Batakhanelerde ticaret metaı haline getirilenler bizim kızlarımız ve erkeklerimizdir; diri diri gömülen ve canlı cenaze haline getirilenler bizim insanlarımızdır. Milletinden, ülkesinden ve inançlarından koparılanlar bizim insanlarımızdır. O büyük hesap gününde, onları kurtarmak için ne yaptığımızdan sorgulanacağımız insanlardır bunlar:

“Diri diri gömülen kıza sorulduğunda; hangi suçtan öldürüldü diye”(Tekvir 81/8,9)

Evet bu hesap sorulacaktır. ‘Zalimlerin zulmü altında inleyen mazlumlar için ne yaptınız?’ sorusu ile karşılaşacağız. Bu gerçek gözden uzak tutulmamalıdır. Fatih Ürek ve arkadaşlarının çığlıkları ‘bizi kurtarın’ çığlıklarıdır. Zalimlerin sultası devam ettiği sürece de bu çığlıklar hiç bitmeyecektir.
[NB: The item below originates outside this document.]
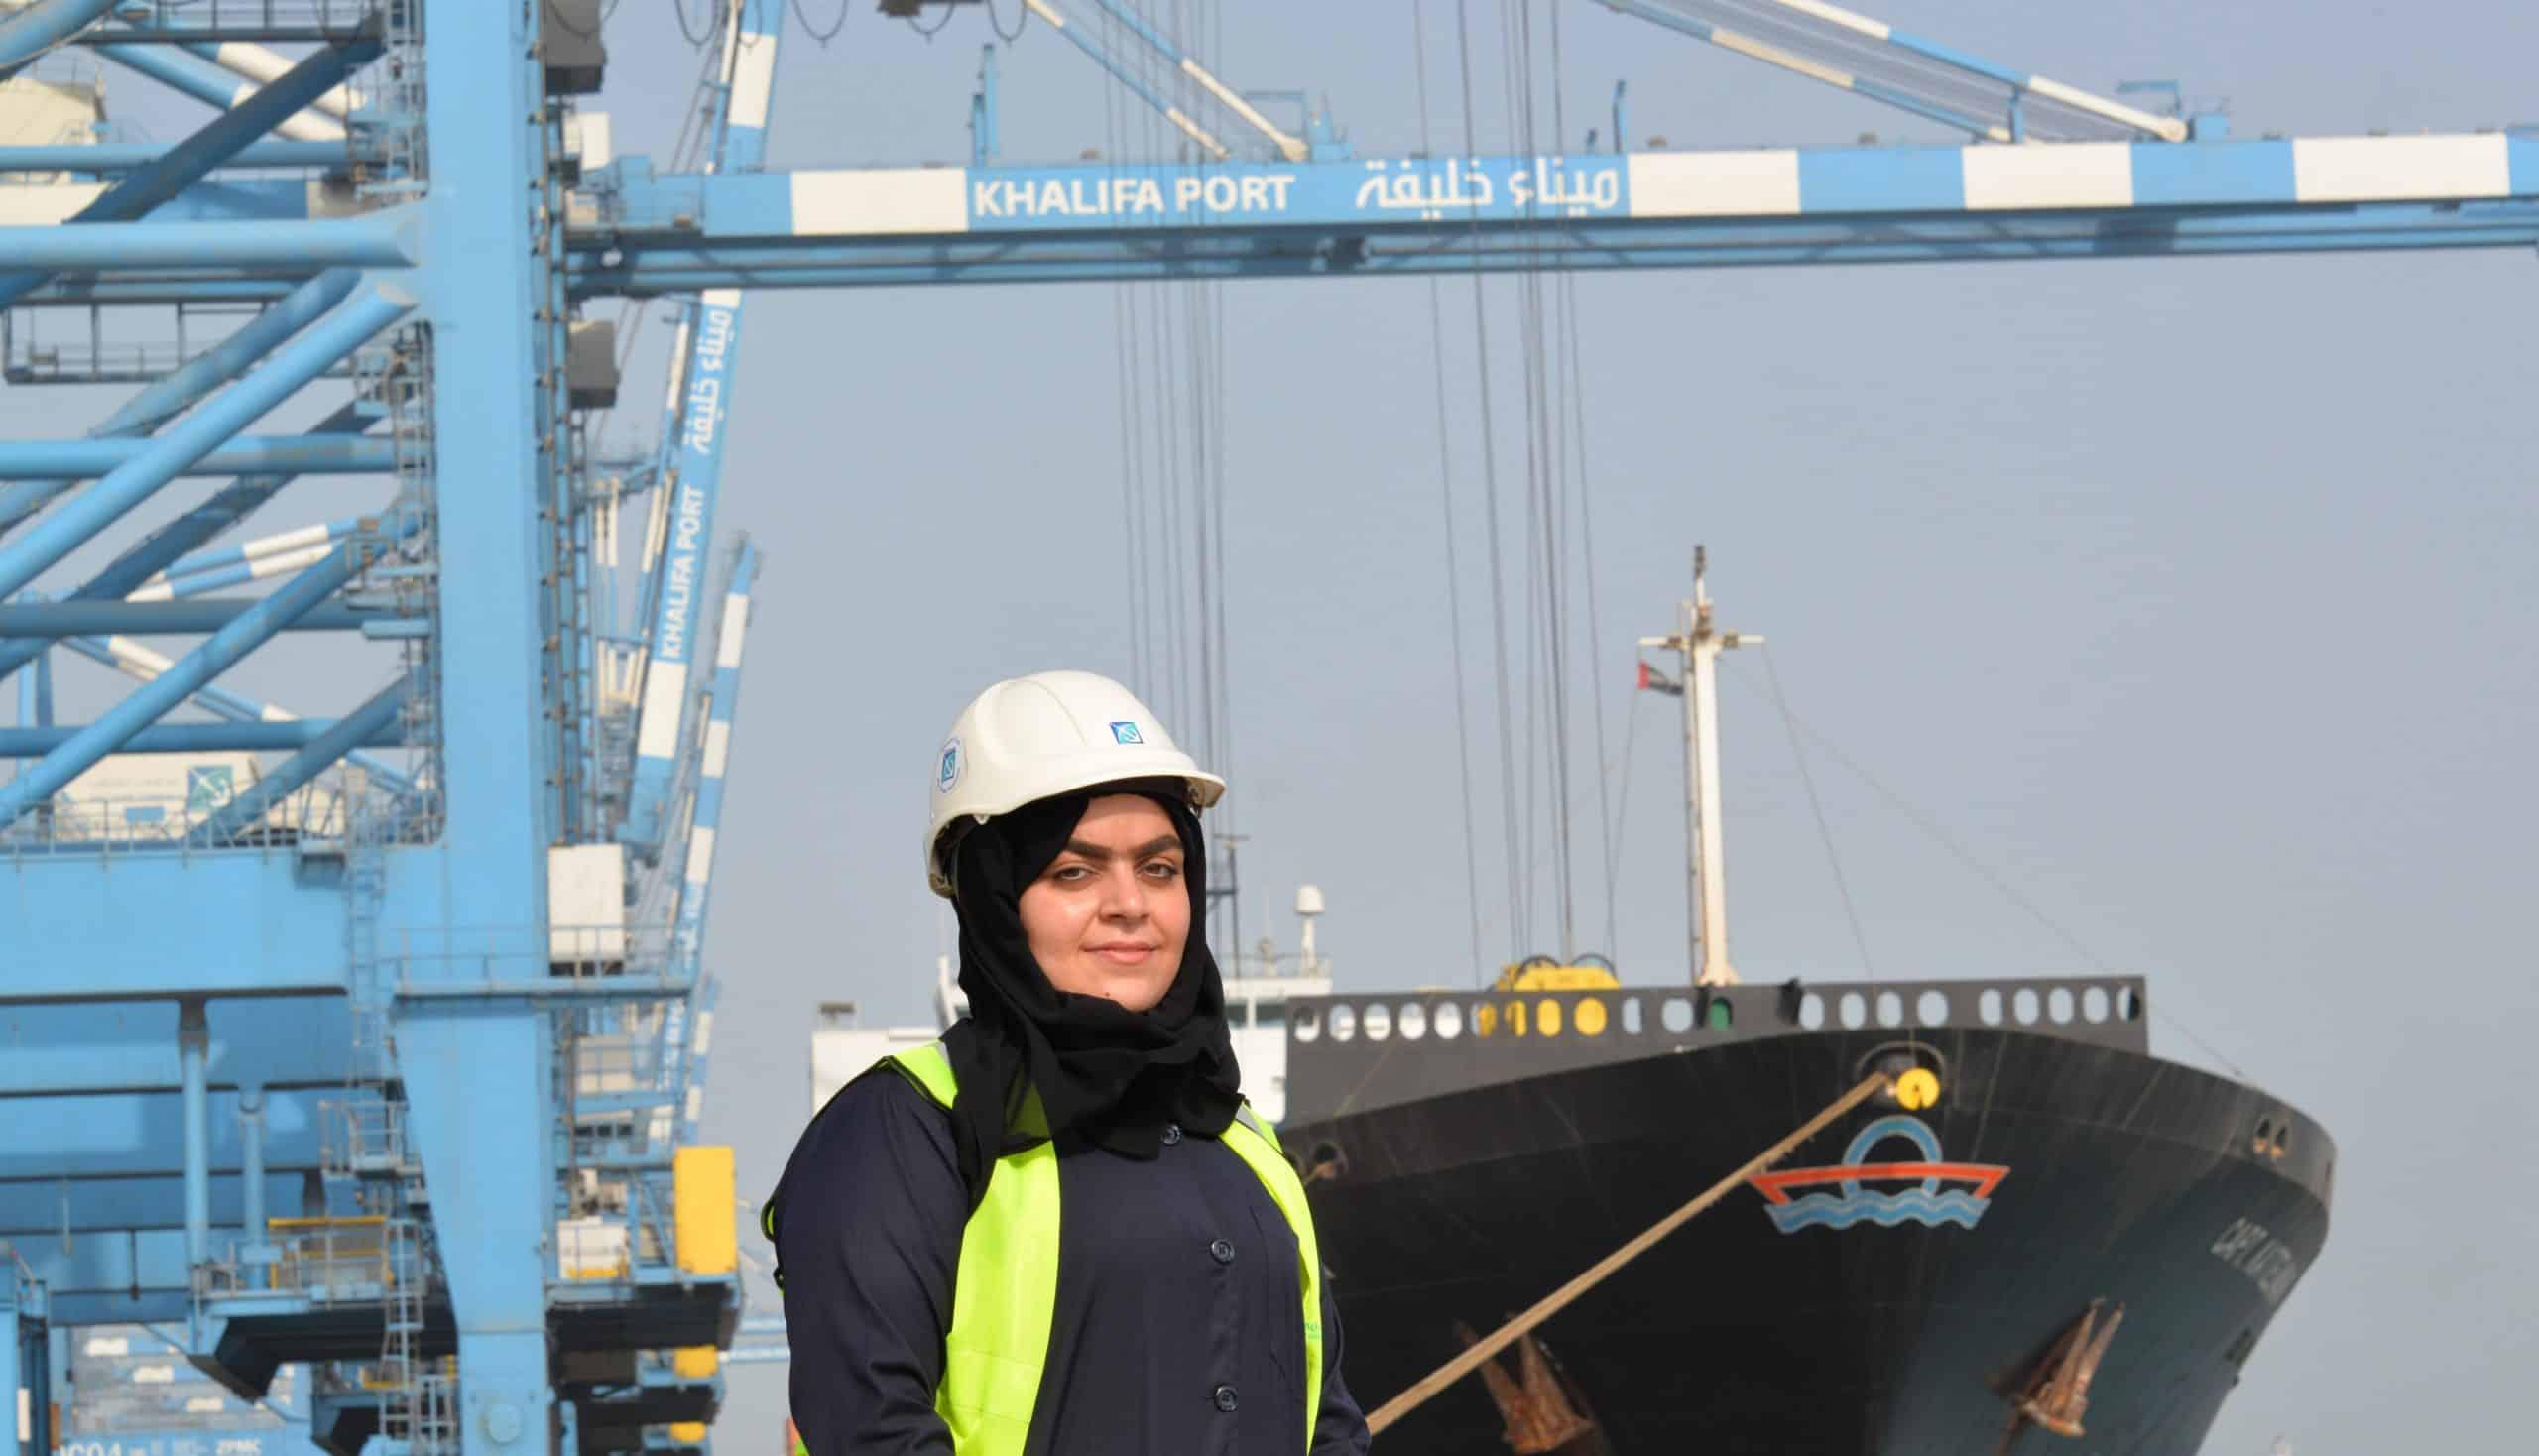 UAE's first female crane operator at Khalifa Port

İnsanların ve Toplumların Özünü Değiştirebilmek

Ancak bunu yapabilmek için Rûm/31 ve 32. ayetlerde bazı ön şartların sağlanması gerektiğine dikkat çekilmektedir.

Fıtrat dini, fert ve toplumu temel değerleri, birincil değerleri, ana frekansları gözönüne alarak değiştirmeyi hedefler. Bunalım yaratan ana parametrelere dikkat çekerek köklü, özlü bir değişimi öngörür. Bir zihniyet değişimi gerçekleştirmeden sonuçları yasalarla değiştirmeye kalkmaz. Yukarıya alıntıladığımız Rum sûresinin31, 32. ayetlerinde değişim için, ‘Allah’a yönelin’, ‘Allah’tan korkun’, ‘O’na ibadet edin’, ‘Şirke sapanlardan olmayın’, ‘Dinin bütünlüğünü bozmayın,’  gibi bazı ön koşulların var olduğunu görüyoruz. Şüphesiz ki fıtrat dininin hayatı tanzim etmesi için gerekli ön koşullar, sadece bunlar değildir.
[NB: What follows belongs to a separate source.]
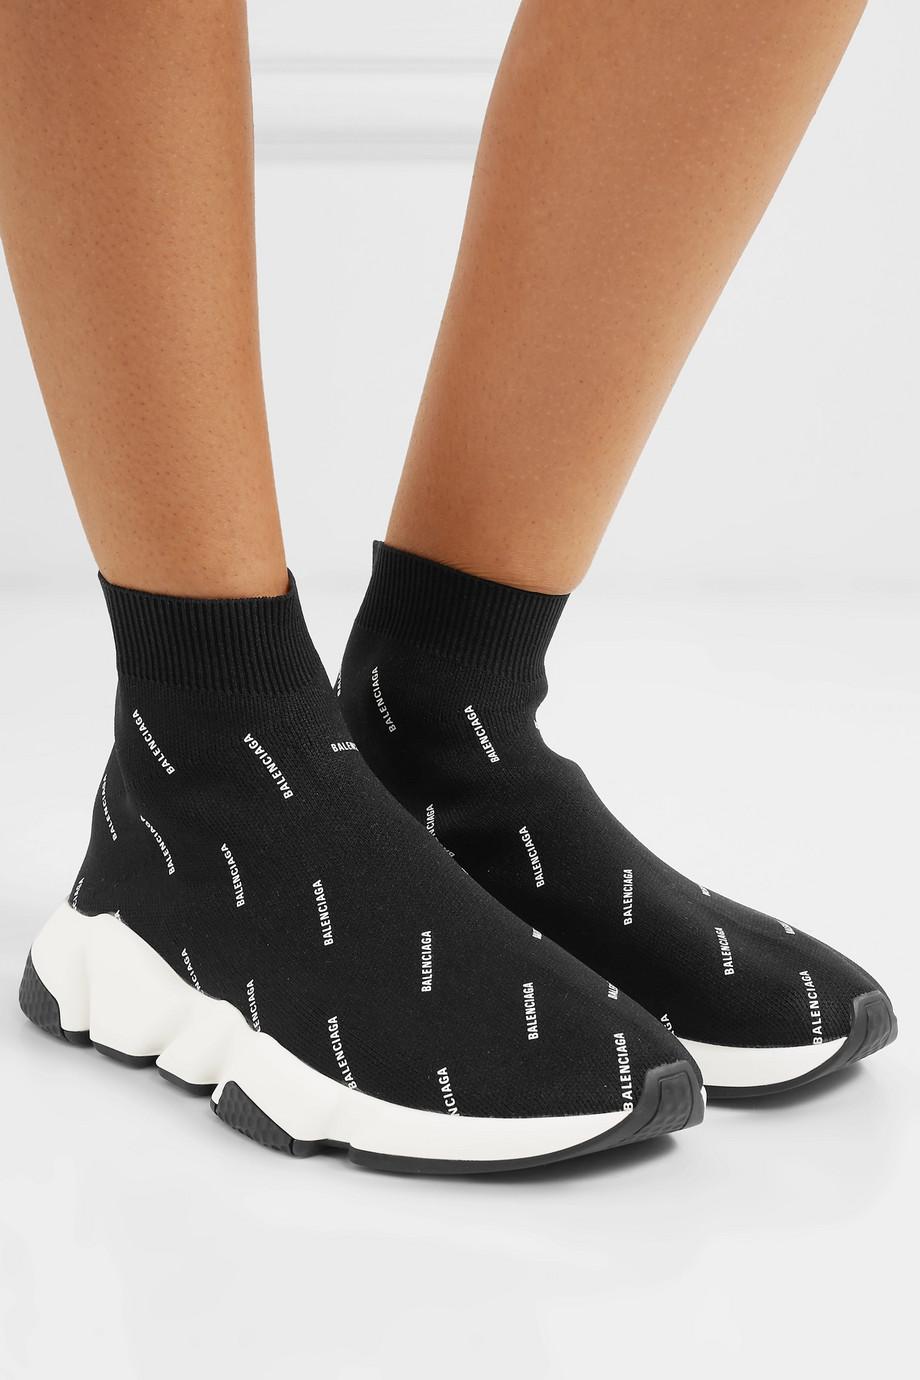 Balenciaga Speed 品牌标志印花弹力针织高帮运动鞋

Böyle bir değişim için ciddi bir ön hazırlığa ihtiyaç vardır. Burada sorulacak ana soru, öncelikle neyi değiştirelim ki köklü kalıcı bir değişim meydana gelmiş olsun? İnsanın/ toplumun özü değişmiş olsun. Sorun, sonuçları tartışmak, onlar üzerine îmal-i fikr eylemek değildir. İyi, olumlu sonuçlar doğuracak ana noktalar, ana konular nelerdir? Neler sebep, neler sonuçtur? Daha açıkçası, değişimin ana dinamikleri nelerdir? Söylemek istediğimiz, Kur’ân-ı Kerim’de Rad 11, Enfal 53’de dikkat çekilen husustur:

“Allah, bir kez bir kavme verdiği bir nimeti, onlar kendilerindeki bu nimete erme sebebini değiştirmedikçe değiştirecek değildir.

Tıpkı Firavun hanedanı ve onlardan öncekilerin gidişi gibi. Onlar, Rab’lerinin ayetlerine yalan dediler, Biz de kendilerini günahları yüzünden helak ettik ve Firavun hanedanını suda boğduk. Onların hepsi zalim kimselerdi.”(Enfal 8/53-54)

“Gerçek şu ki Allah, bir toplumun mâruz kaldığı şeyleri, onlar, kendilerine ilişkin olanı değiştirmedikçe, değiştirmez. Allah bir topluma bir perişanlık dileyince de artık onu geri çevirecek bir güç yoktur. Ve onlar için Allah’ın dışında koruyucu bir dost da olamaz.” (Rad 13/11)

Fıtrata Aykırı Bir Sisteme Başkaldıran Bir Genç Öncü Grubu: Ashab-ı Kehf

Bugün şikayet edilen noktalar, nelerin sonuçlarıdır. Hangi sebepleri değiştirirsek bugünkü sonuçlar otomatik olarak değişir. Geçen sayıdaki yazıda iki cariyenin konuşmasından ve Hz. Yusuf’un takındığı tavırdan hareketle bazı ana noktalarda temel bazı sorular sorup cevaplarını aramıştık. Elde ettiğimiz cevapları özet olarak vermiştik:

Cevap: “Allah’a ve Ahiret gününe iman etmiş olmaktır(12/37).

Cevap: “Allah’a hiçbir şekilde şirk koşmamaktır(12/38-39).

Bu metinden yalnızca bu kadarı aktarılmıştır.